Cellular Respiration and Fermentation

A gradient is present, with a significant concentration of hydrogens (H^{+}) on one side and very few (or none) on the other side of a membrane. This proton gradient is typically established by active pumping of protons across the membrane, often by protein complexes within an electron transport chain (ETC).
The membrane in question is impervious to charged molecules, creating a challenge for these molecules to cross back into the area of lower concentration. This impermeability is crucial for maintaining the potential energy stored in the electrochemical gradient. For oxidative phosphorylation, this typically refers to the inner mitochondrial membrane in eukaryotes.

Charged molecules, specifically protons (H^{+}), can only re-enter the area of lower concentration through an enzyme known as ATP synthase.
ATP synthase plays a crucial role in the production of ATP by facilitating the passage of protons across the membrane, down their electrochemical gradient. This process, known as chemiosmosis, powers the enzyme's rotary motor to catalyze the synthesis of ATP from ADP and inorganic phosphate.

When protons pass through ATP synthase, ADP is converted back into ATP. This occurs by a process called chemiosmosis, driven by the energy released as electrons are passed down the electron transport chain.
This process is characterized by the addition of inorganic phosphates within the cytoplasm to ADP, resulting in ATP production. The energy for this comes indirectly from the oxidation of electron carriers like NADH and FADH_{2}.
Oxidative phosphorylation typically occurs concurrently with the conversion of oxygen into water (H_2O) during cellular respiration, as oxygen serves as the final electron acceptor in the electron transport chain.

Substrate-level phosphorylation is defined as the process through which a phosphate group is transferred directly from a high-energy substrate molecule to ADP to form ATP. This is a direct enzymatic transfer.
This differs from oxidative phosphorylation where the phosphate groups are added from inorganic sources rather than another molecule and is driven by an electrochemical gradient. Examples occur during glycolysis (e.g., conversion of phosphoenolpyruvate to pyruvate) and the Krebs cycle.

Anaerobic respiration utilizes an alternative final electron acceptor instead of oxygen, such as nitrate (NO3^{-}), sulfate (SO4^{2-}), or fumarate. The efficiency and output of ATP depend on the nature of this acceptor, generally yielding less ATP than aerobic respiration.
Aerobic respiration can yield a maximum of 38 ATP molecules from the complete oxidation of one glucose molecule, typically using oxygen as the electron acceptor and involving glycolysis, the Krebs cycle, and oxidative phosphorylation.
Fermentation, being a type of anaerobic respiration, is less efficient, only generating 2 ATP per glucose molecule, which occurs exclusively during glycolysis. Its primary purpose is to regenerate NAD^{+} for glycolysis to continue.

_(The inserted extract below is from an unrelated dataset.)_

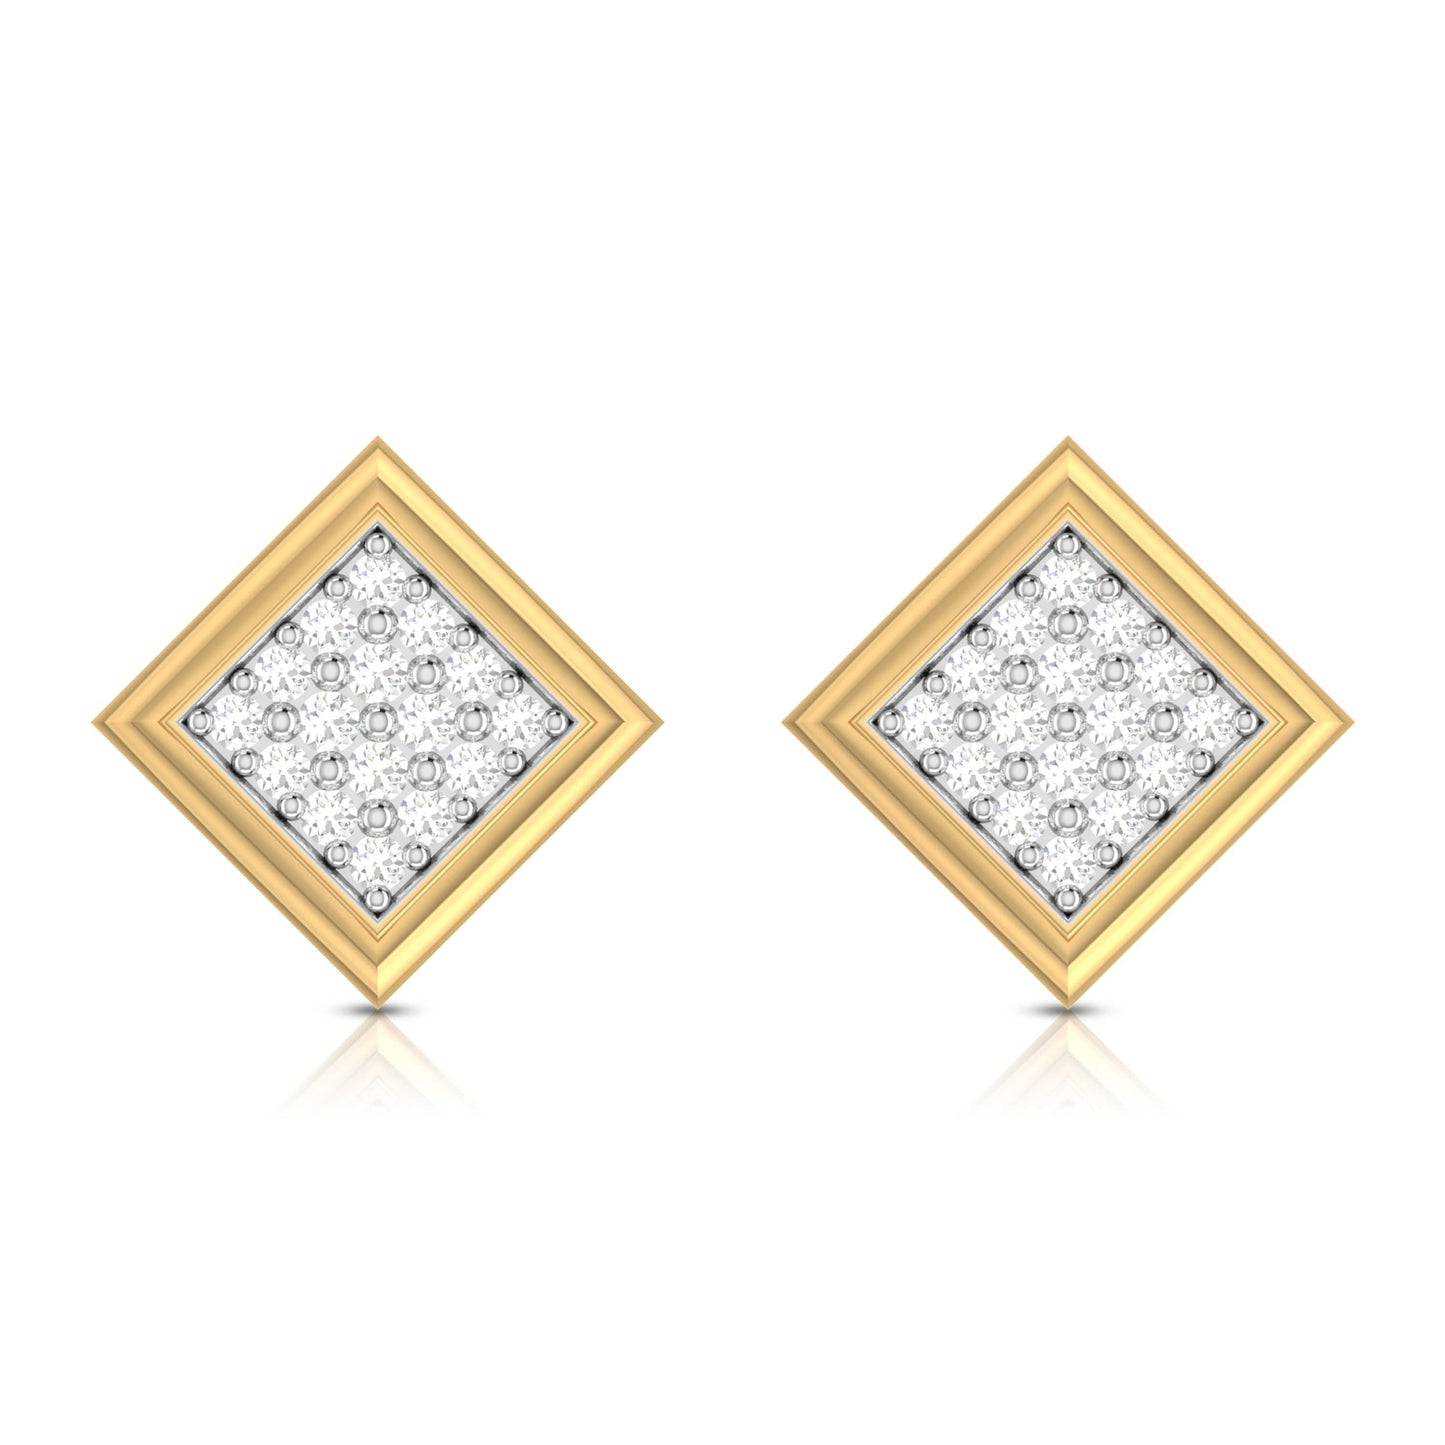 Gold Diamond Earrings for Women in 18 Karat Yellow Gold by Fiona Diamonds

Fermentation is detailed as being a process occurring entirely in the cytoplasm. Both eukaryotes (e.g., in muscle cells during intense exercise) and prokaryotes (e.g., bacteria and yeast) undergo fermentation.
The process starts with glycolysis, which produces 4 ATP but requires 2 ATP to initiate, leading to a net gain of 2 ATP.

At the end of the fermentation process, it is crucial to address the accumulated products:
- NADH must be oxidized back to NAD^{+} to ensure glycolysis can continue functioning and produce ATP. Without NAD^{+} regeneration, glycolysis would halt.
- Pyruvate, resulting from glycolysis, must also be reduced to prevent accumulation, which could inhibit the process. The reduction of pyruvate uses the electrons from NADH, thereby oxidizing NADH back to NAD^{+} and allowing glycolysis to proceed.
The oxidation of NADH and reduction of pyruvate are essential processes in fermentation, allowing for the recycling of NAD^{+} and the conversion of pyruvate into other compounds, depending on the type of fermentation:
- In lactic acid fermentation, pyruvate is directly reduced by NADH to form lactate (lactic acid), regenerating NAD^{+}.
- In alcoholic fermentation, pyruvate is first decarboxylated to acetaldehyde, which is then reduced by NADH to form ethanol, also regenerating NAD^{+}.